言うまでもなく日本は、現在、アメリカ合衆国に次ぐ経済大国ですが、終戦(敗戦)からここまで来られたのも先人達の努力の賜と思います。しかし、今の日本人には、国民共通の基本理念に対する迷いがあります。もはや「恥」の文化は存在しないのかも知れません。その原因は何だと思いますか? 大きいテーマなので、今日は戦後教育に限定して論じましょう。
A 僕は、個人主義を中心とした戦後教育が間違っていると思います。人権尊重も大事ですが、あまりにも自分本位で公のことに関心を示さない人が多すぎます。この間なんか、電車の中でキスをしているアベックを見ました。この間ガールフレンドにふられたばかりなので、無性に腹が立ちました。
B ガールフレンドにふられたのは同情します。ただ、君の言う個人主義は利己主義の意味だと思います。
T そうですね。小林よしのりの『戦争論』でも利己主義の意味で個人主義を使っていました。定義は、しっかりと共有しておかないと『朝まで生テレビ』みたいに議論が噛み合わなくなります。B君、個人主義とは本来、どういう意味ですか?
B 個人主義は、自己の人権・権利・自由だけでなく他者の人権・権利・自由も尊重するという考え方です。フランス人権宣言にも確かそのような趣旨のことが書かれていたはずです。
C B君に同意します。今年の終戦(敗戦)記念日の前後に、NHKの番組で「教育刷新委員会」が取り上げられていました。「教育刷新委員会」とは、終戦直後の日本国政府から委託を受けた8人の教育関係者からなる組織で、ここでは、個人と公(公共)との関係が論争となりました。そこで、ある委員の発言がありましたが、「個人主義」とは誤解を招きやすい表現で、「自他主義」のほうが正確な意味を表すとのことでした。

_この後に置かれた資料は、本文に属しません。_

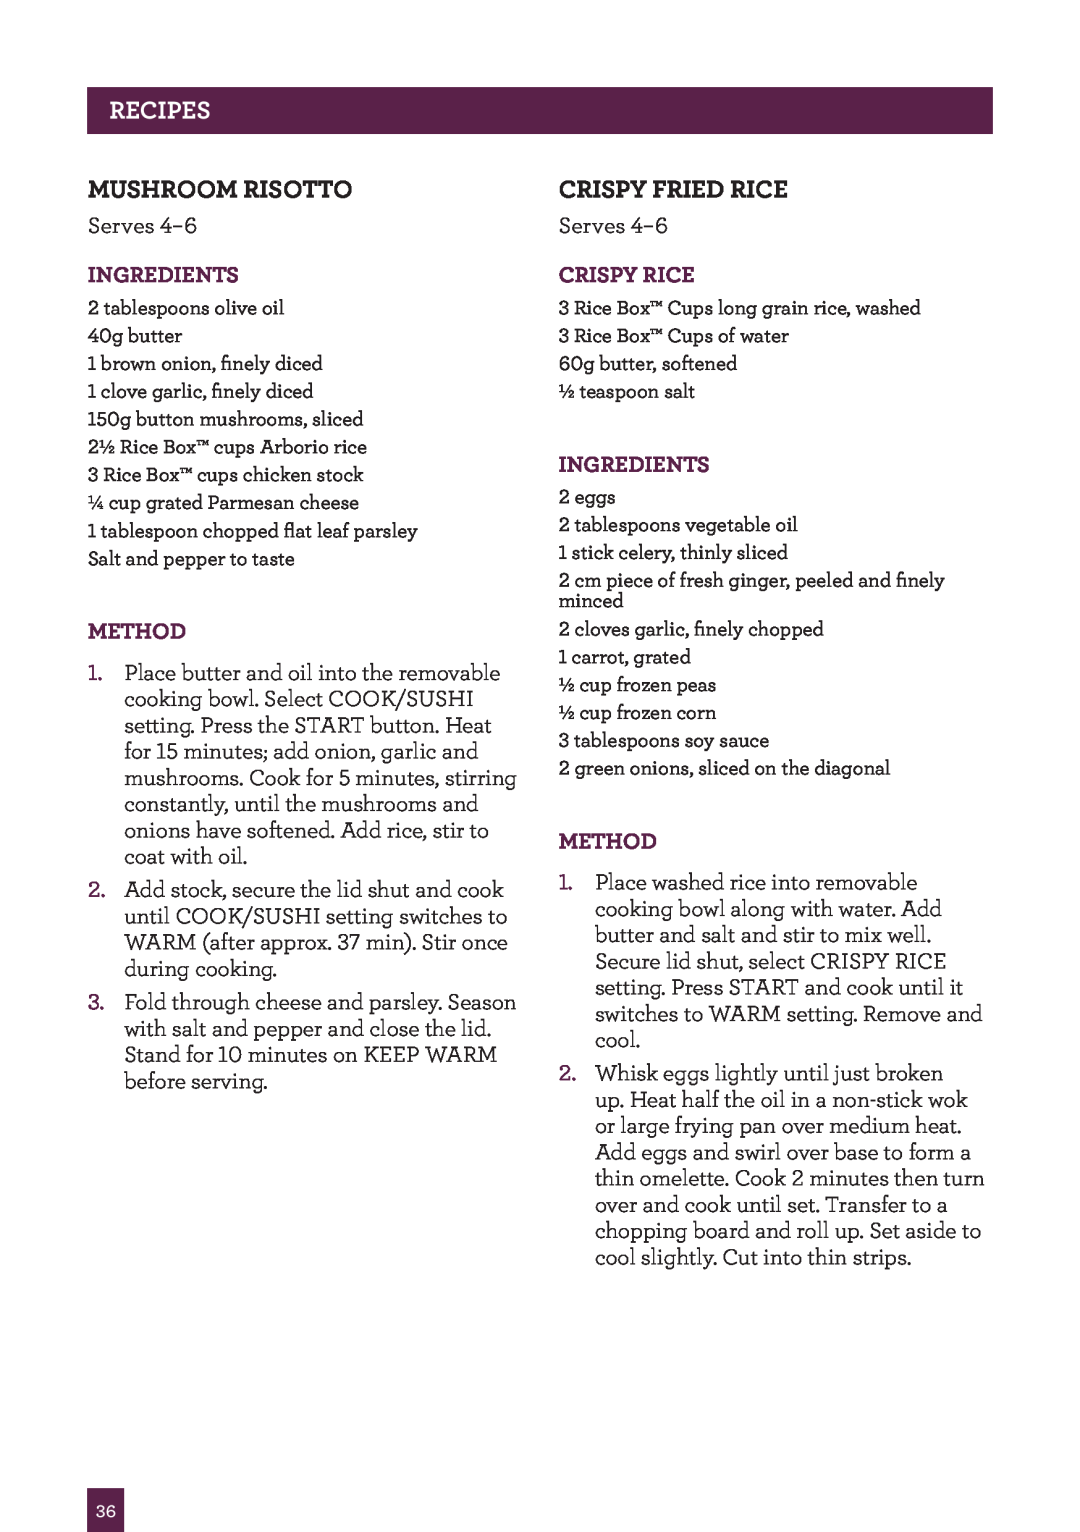 Breville BRC460 brochure Recipes, Mushroom Risotto, Crispy Fried Rice, Ingredients, Method, Crispy Rice

T そうですね。「個人主義」とは、自分と同じく他者を尊重する考え方です。私も、そのNHKの番組を見ましたが、個人と公(公共)は矛盾しないと考えます。正確には、個人と公(公共)は矛盾しないように調整されなければならないと考えます。フランス人権宣言にも、「自由は、他人を害しないすべてをなしうることに存する」とあります。実は紀元前にも、ブッダは、人は誰でも自分が世の中で一番愛しいと考えるから、「おのれの愛しいことを知る者は、他の者を害してはならぬ」と言っています。
A だけど、アメリカはフランスと同じく個人主義の国と言っても、利己主義まで行っているのではないでしょうか? 弱肉強食の国だし……。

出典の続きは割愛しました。